MATERIAL PROVIDED:
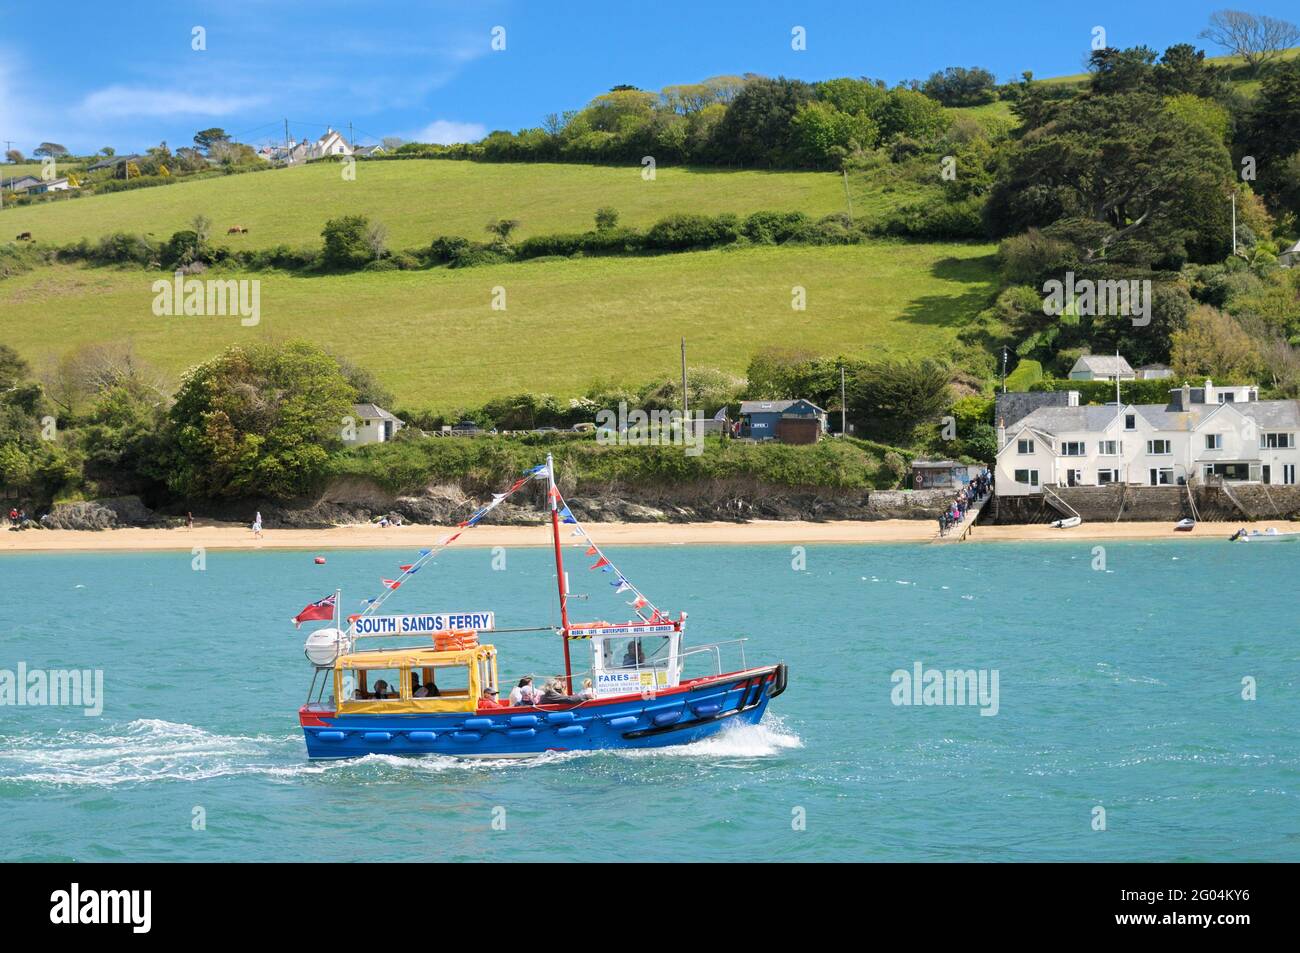 Tourists on the South Sands ferry boat on the Kingsbridge Estuary with East Portlemouth beach in the background, Salcombe, Devon, England, UK Stock Photo
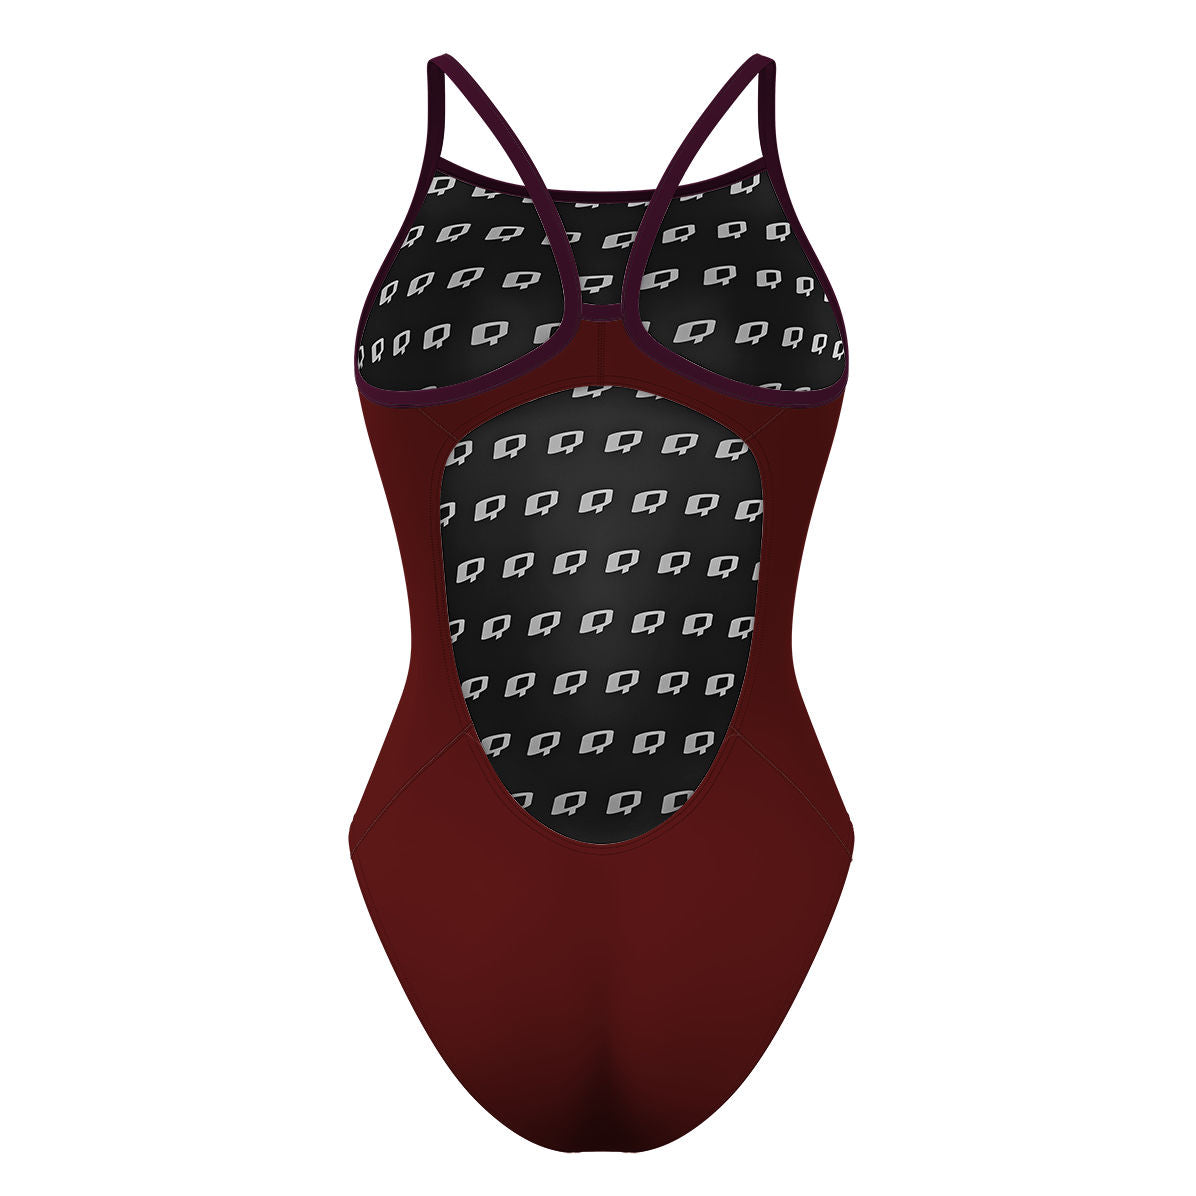 Saint Mary's College HS 2 - Skinny Strap Swimsuit
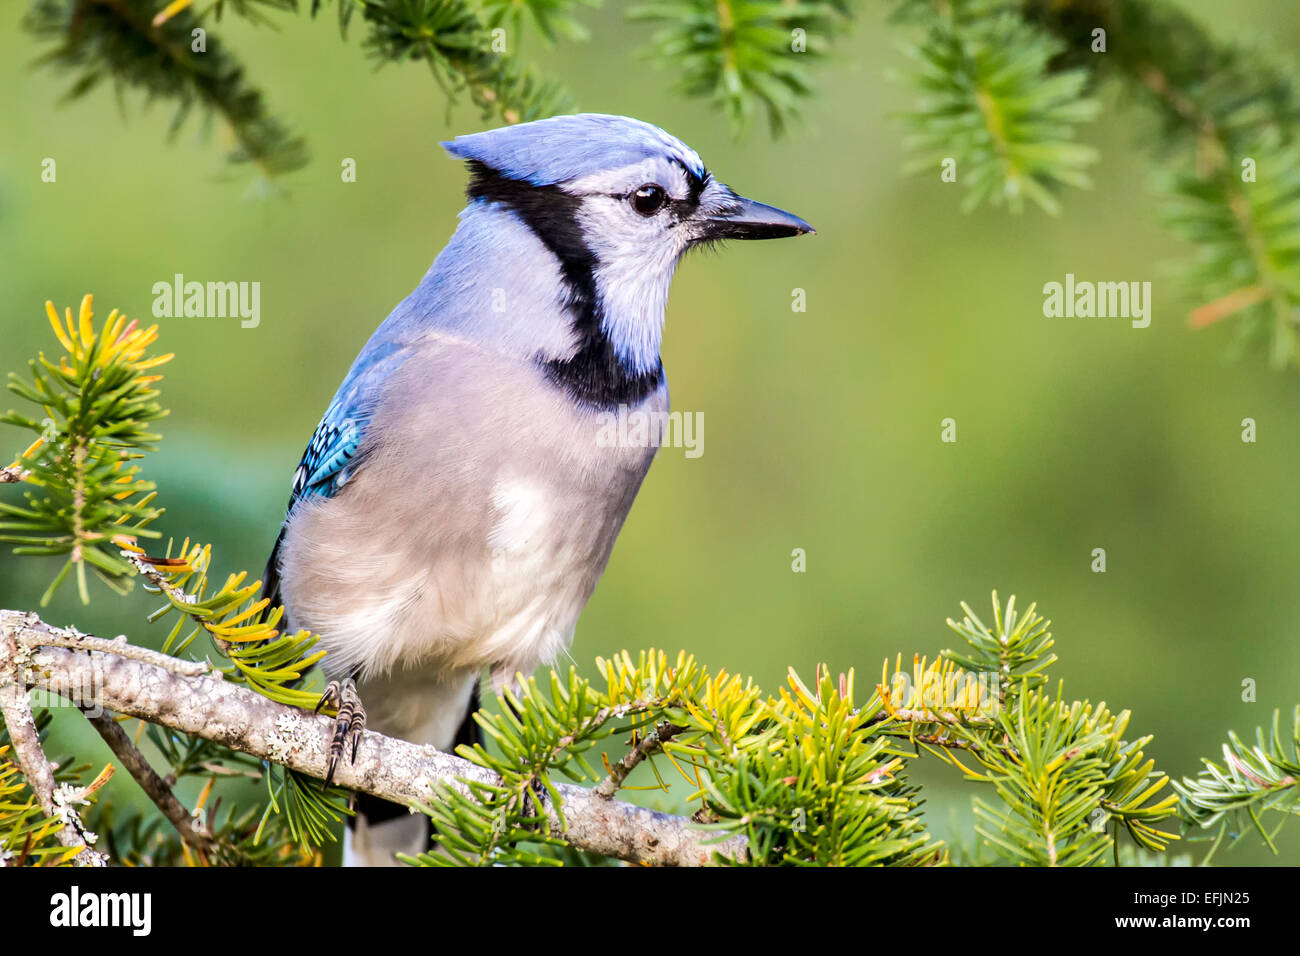 Bluejay perched in tree Stock Photo

WHAT YOU ARE ASKED TO DO:
The listing should be transcribed exactly. No picture is to appear in the transcription.

ANSWER SECTION:
 Tourists on the South Sands ferry boat on the Kingsbridge Estuary with East Portlemouth beach in the background, Salcombe, Devon, England, UK Stock Photo
 Saint Mary's College HS 2 - Skinny Strap Swimsuit
 Bluejay perched in tree Stock Photo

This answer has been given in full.